» WHAT TO PRODUCE
Go to the line holding "Netwerken tijdens de" in the data below and repeat it exactly, then each line after it up to and including the one holding "Doraemon hình ảnh". Omit pictures.

» WORKING DATA
··········

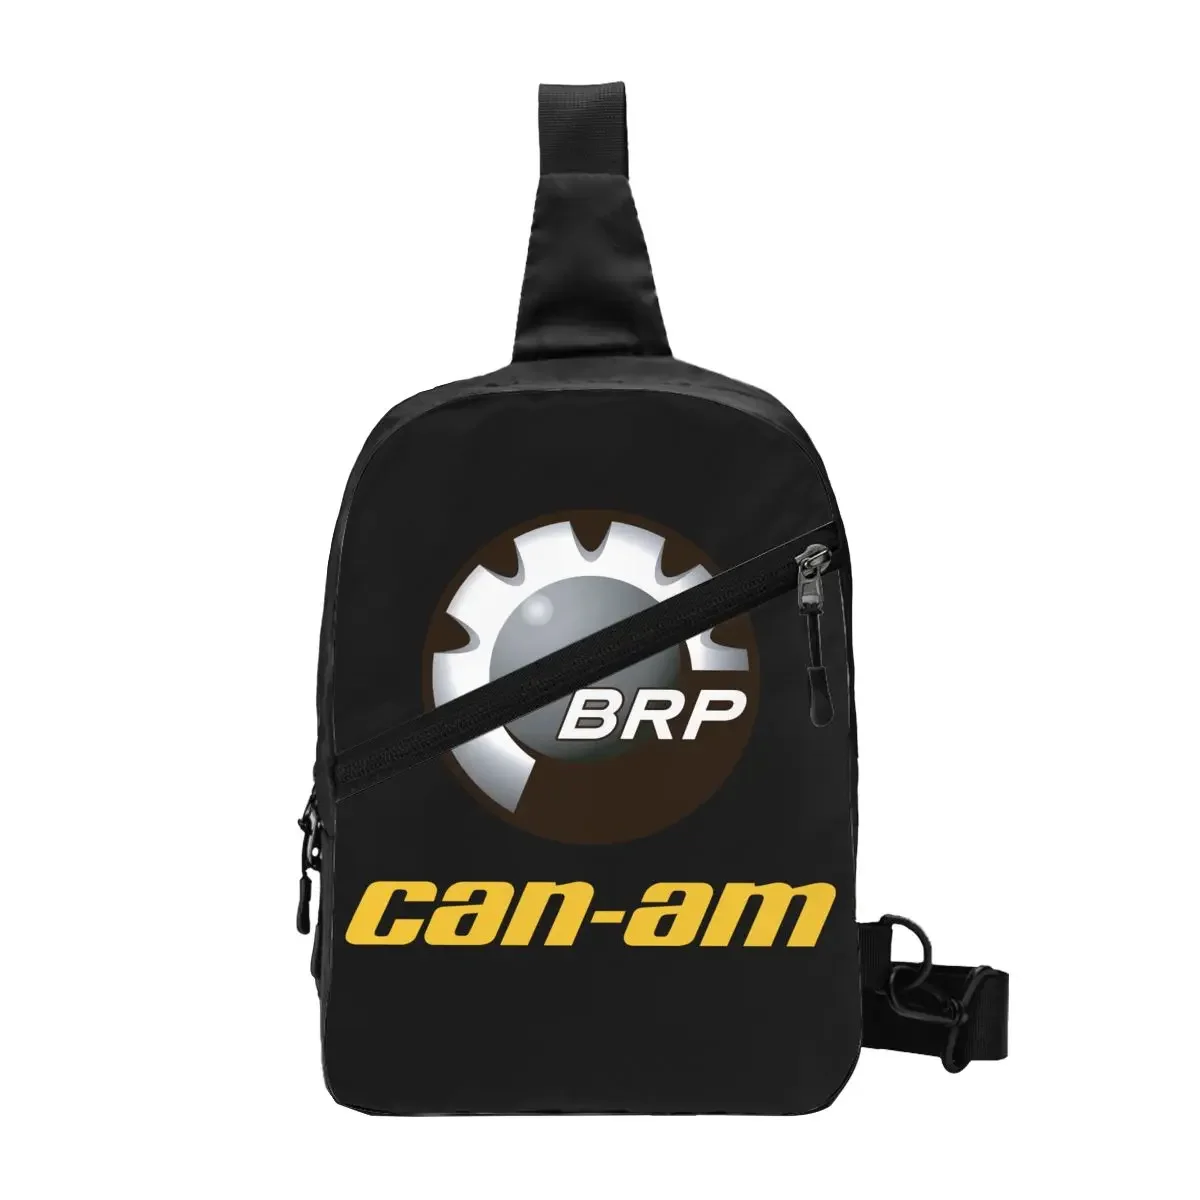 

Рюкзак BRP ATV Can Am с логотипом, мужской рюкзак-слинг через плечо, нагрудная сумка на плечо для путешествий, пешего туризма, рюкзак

··········

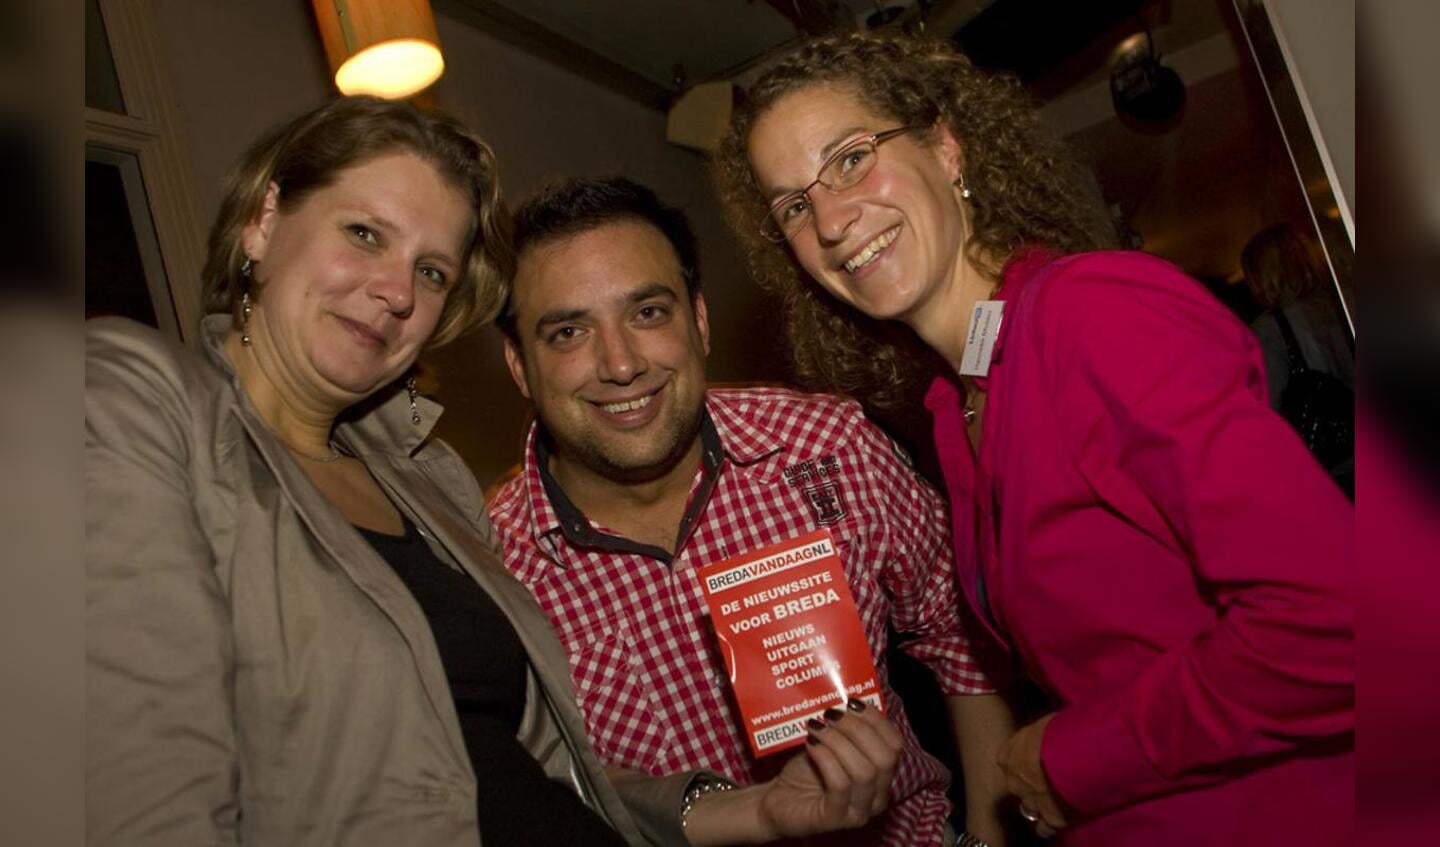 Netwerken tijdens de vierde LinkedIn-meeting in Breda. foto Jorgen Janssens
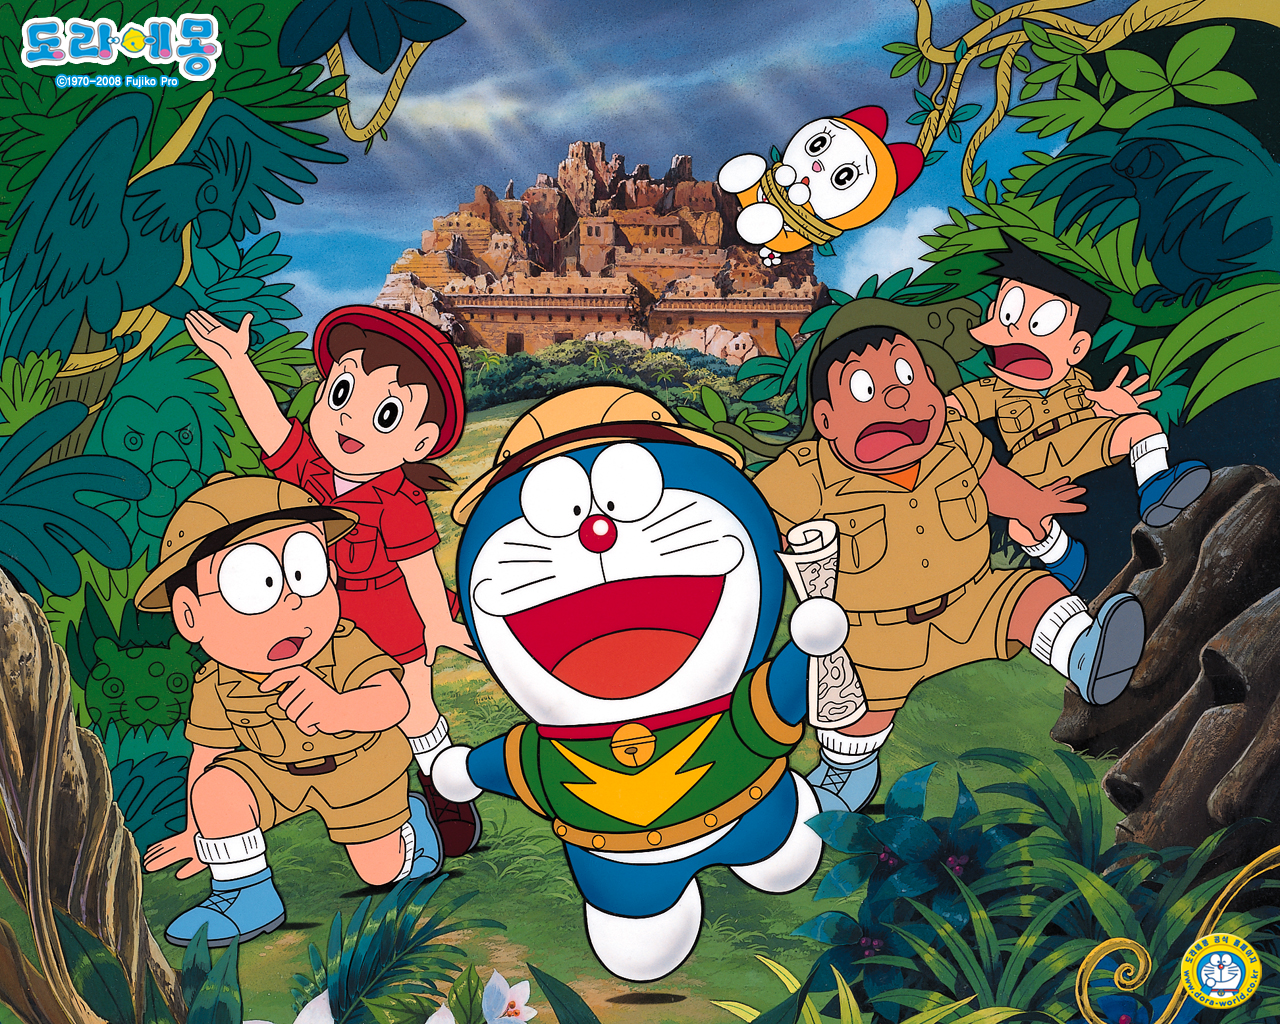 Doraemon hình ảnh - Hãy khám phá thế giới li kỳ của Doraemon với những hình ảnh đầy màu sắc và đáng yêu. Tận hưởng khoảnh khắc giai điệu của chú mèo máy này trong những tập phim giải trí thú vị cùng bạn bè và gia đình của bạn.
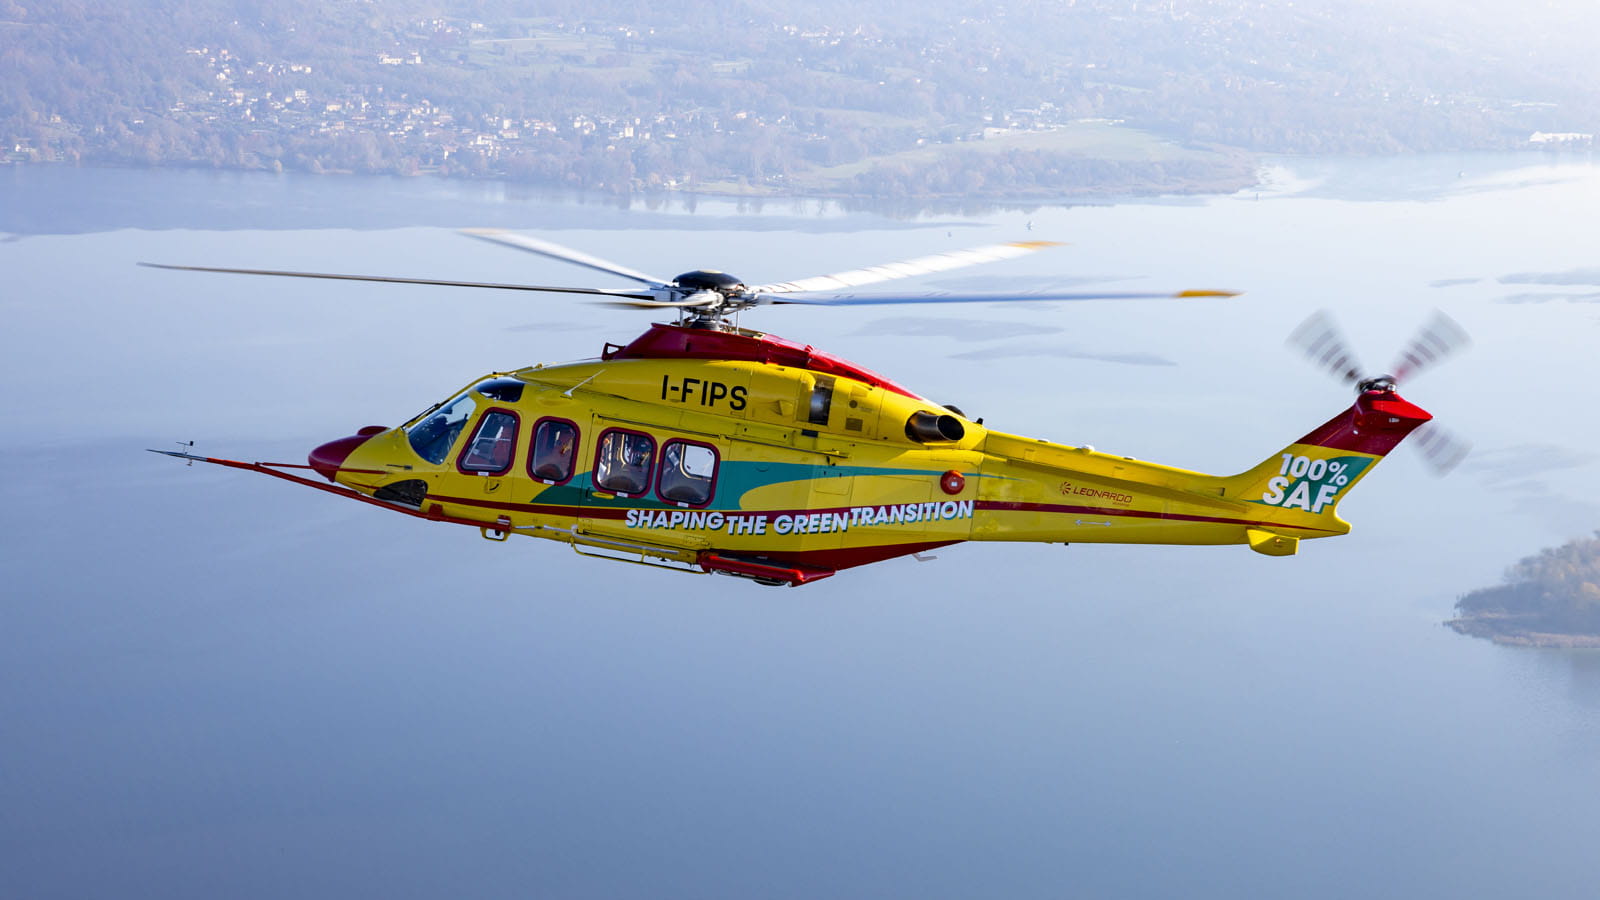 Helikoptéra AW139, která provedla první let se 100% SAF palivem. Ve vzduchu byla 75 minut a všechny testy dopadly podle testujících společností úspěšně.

··········

» EXERCISE RESULT
 Netwerken tijdens de vierde LinkedIn-meeting in Breda. foto Jorgen Janssens
 Doraemon hình ảnh - Hãy khám phá thế giới li kỳ của Doraemon với những hình ảnh đầy màu sắc và đáng yêu. Tận hưởng khoảnh khắc giai điệu của chú mèo máy này trong những tập phim giải trí thú vị cùng bạn bè và gia đình của bạn.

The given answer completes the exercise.